Dear Friends of "Dial Daily Bread,"
Isaiah 6 describes the young prophet's vision in the Temple of seeing “the Lord ... high and lifted up.” It seems obvious that his vision was not of materialistic “glory”; it was a vision of the character of the Lord, a heart-humbling appreciation of His glorious self-sacrificing love. The cry of “holy, holy, holy” was a revelation of the cross. The young Isaiah was overwhelmed with a humbling sense of his own sinful selfishness in contrast. It became the foundation of his entire lifetime of service.
“Woe is me!” he cries. “I am undone!” A steamroller has flattened me in the dust. I thought I could devote my life to the Lord’s ministry, he says; now I see that “I am a man of unclean lips.” I have wandered into the “temple” of the Lord and I see I don’t belong here; my heart is polluted in contrast with the righteousness of Christ. So prayed Isaiah.

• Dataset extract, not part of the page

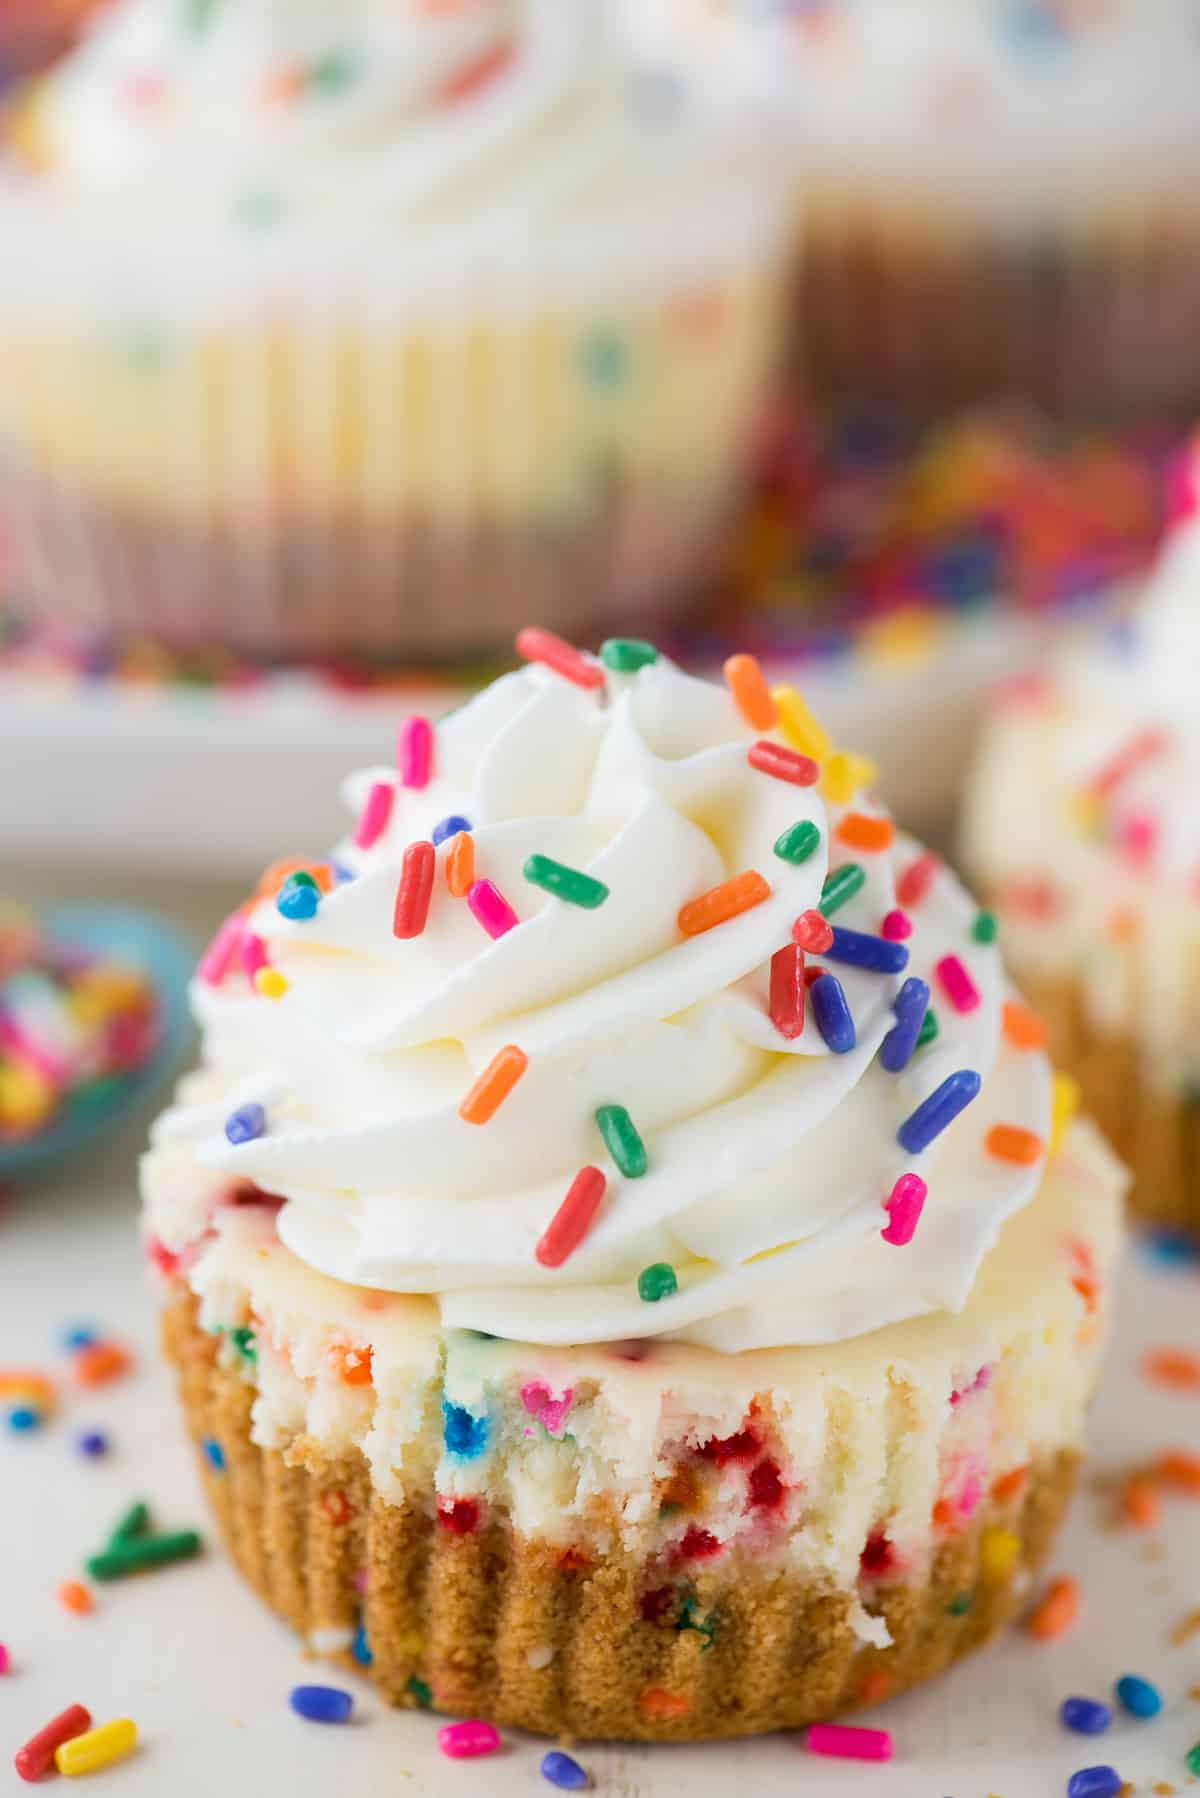 mini funfetti cheesecake with rainbow colored sprinkles on top

There was another man who had a similar experience. The apostle Peter had spent some three years in the Lord’s special theological seminary and had felt quite qualified for apostolic “ministry.” Then when he had publicly blurted out three times his abject denial of Christ, he felt so crushed, so self-humiliated, so polluted in soul, that he threw himself on the ground and wished he could die. Lord, I’m finished! I can never be an apostle; I’m totally unworthy to be one of the Twelve; do let me die! So prayed Peter.

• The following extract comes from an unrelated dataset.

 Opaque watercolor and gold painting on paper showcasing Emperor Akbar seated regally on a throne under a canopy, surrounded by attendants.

Sometimes the dear Lord lets us have cause to say, “All day long I have been plagued, and chastened every morning” (Psalm 73:14). Then when we feel done in, another word from the Lord comes to mind, “Whom the Lord loves He chastens, and scourges every son whom He receives” (Heb. 12:6).
Isaiah could never have written his 53rd chapter about the cross of Christ unless he had experienced that self-abasement early on, in chapter 6. Someone somewhere is hungry to hear what happened on the cross of Christ. You talk about winning souls; well, if you can tell the story of the cross you’ll win souls. But you’ll never be able to tell it unless you have had your Isaiah 6 experience, and knelt down beside him there, and knelt down beside Peter, too.
--Robert J. Wieland
From the "Dial Daily Bread" Archive: April 11, 2004.